Recommended query patterns:
- Use `queryTaskEvents()` when diagnosing one task execution round, especially with `attempt`, `event_type`, and `order: 'asc'`.
- Use `queryWorkflowEvents()` when reconstructing workflow timelines across parent and child tasks. Prefer `event_type` or `event_types` plus pagination rather than loading every event into an operator-facing page.
- Use `queryTaskAttempts()` or `queryWorkflowAttempts()` when the question is about worker rounds, retry cadence, open executions, or duration analysis. Prefer attempt queries over deriving rounds from event sequences.

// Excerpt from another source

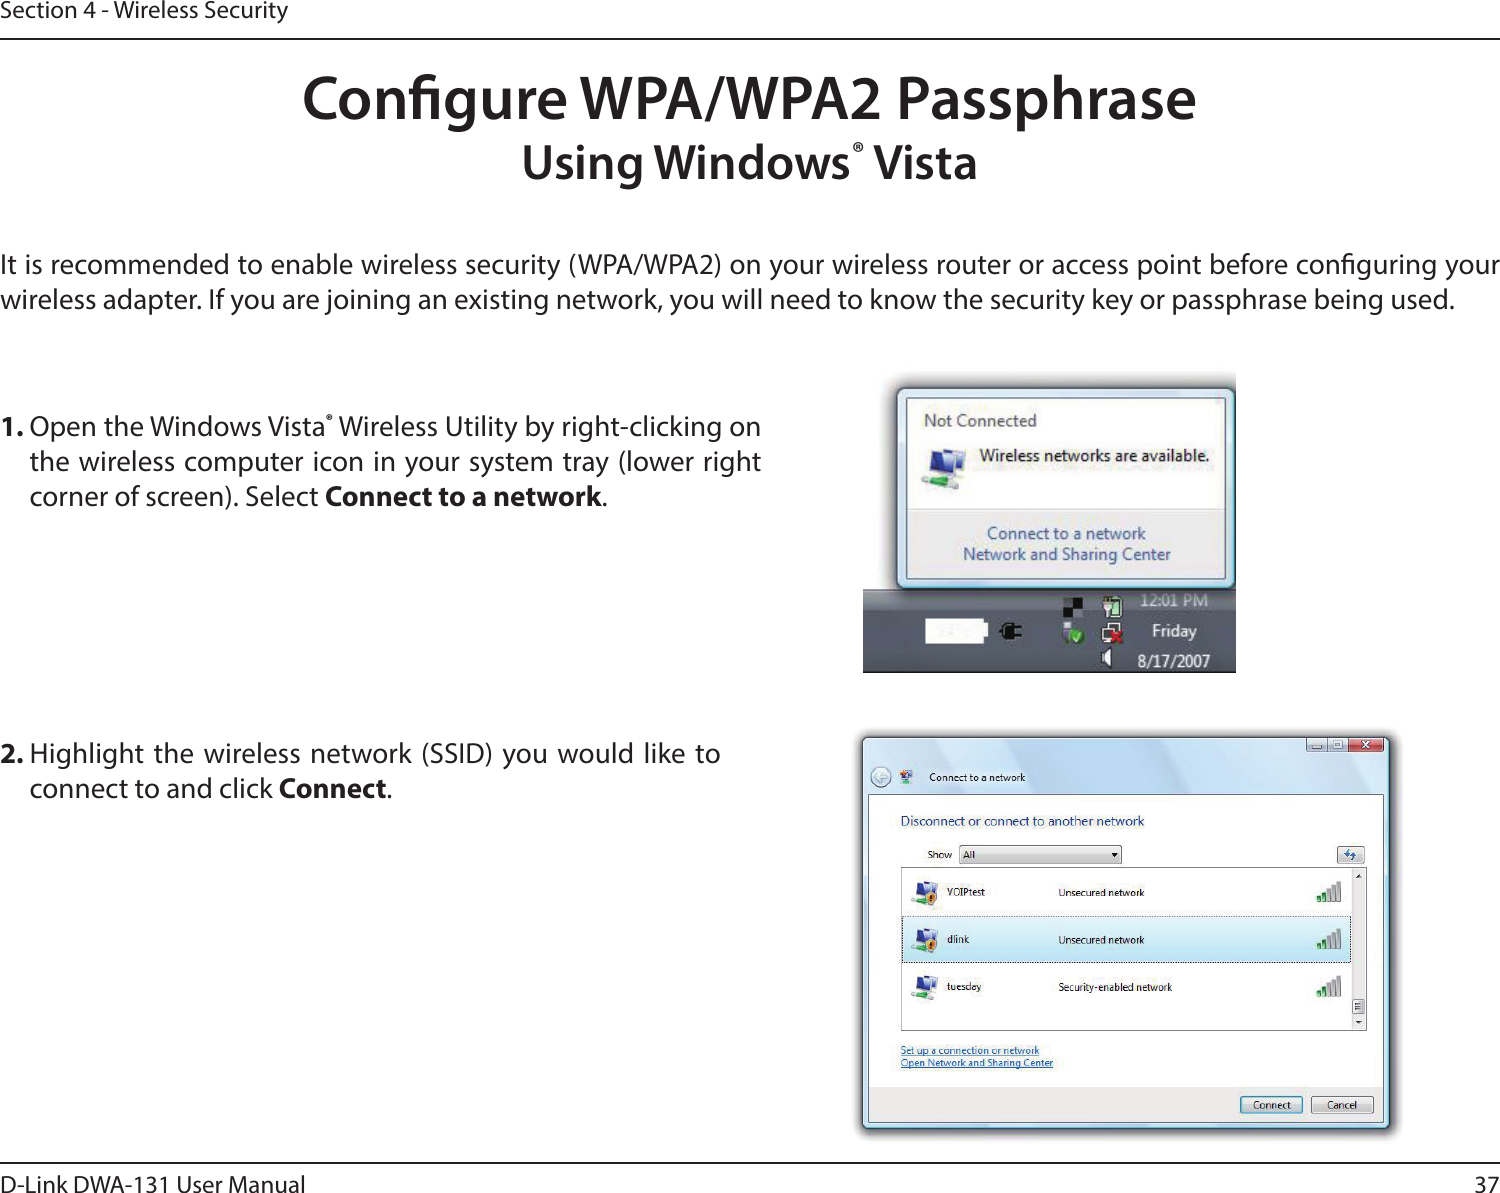 37D-Link DWA-131 User ManualSection 4 - Wireless SecurityCongure WPA/WPA2 PassphraseUsing Windows® VistaIt is recommended to enable wireless security (WPA/WPA2) on your wireless router or access point before conguring your wireless adapter. If you are joining an existing network, you will need to know the security key or passphrase being used.2. Highlight the  wireless network (SSID) you would like  to connect to and click Connect.1. Open the Windows Vista® Wireless Utility by right-clicking on the wireless computer icon in your system tray (lower right corner of screen). Select Connect to a network.

- Use `getTaskAudit()` and `getWorkflowAudit()` for operator drill-down pages. Use `getWorkflowAuditSummary()` for aggregate diagnosis, not for exact replay.
Summary field semantics:
- `timing.first_started_at`: the earliest `started_at` among workflow attempts.
- `timing.last_ended_at`: the latest non-null `ended_at` among workflow attempts.
- `timing.last_event_time`: the latest workflow event time currently visible in the event table.
- `timing.workflow_duration_seconds`: `last_ended_at - root_task.created_at` when both values exist; otherwise `null`.
- `stage_timings`: derived from root task attempts plus root task `task_started` / `task_retry_started` events. Pending workflows or workflows without attempts return an empty array.
- `failed_tasks`: terminal workflow tasks currently in `failed`, `timeout`, `permanently_failed`, or `paused` status. This is a latest-snapshot view, not a historical list of every failed round.
- `critical_path`: a best-effort path built from the longest persisted representative attempt per task plus the longest child branch. When sibling branches tie, the implementation falls back to deterministic task id ordering.
- `slowest_attempts`: the top 5 attempts sorted by persisted duration, then start time.
Operational boundaries:
- `getWorkflowAuditSummary()` currently reads the full task, event, and attempt set for the workflow before aggregating in memory. It is intended for platform diagnosis, not for arbitrarily large workflow scans in hot paths.
- Because persisted timing is second-granularity, very short or same-second attempts may collapse to equal durations. In those cases `critical_path`, `stage_timings`, and `slowest_attempts` remain deterministic but should be read as approximations.
- After retention deletes historical rows, audit and summary APIs describe only the remaining retained data. The platform does not promise long-term completeness after deletion-based retention has run.
The current `critical_path` is an estimate derived from persisted attempt durations along the workflow tree. It is useful for platform diagnosis, but it should not be treated as a perfect replacement for a distributed trace.
Because persisted task timing is currently stored in whole seconds, very short stages or sibling tasks may collapse to the same duration and rely on deterministic tie-breaking.
### Handler Audit
Handlers can emit structured checkpoint events during execution through `task.audit()`.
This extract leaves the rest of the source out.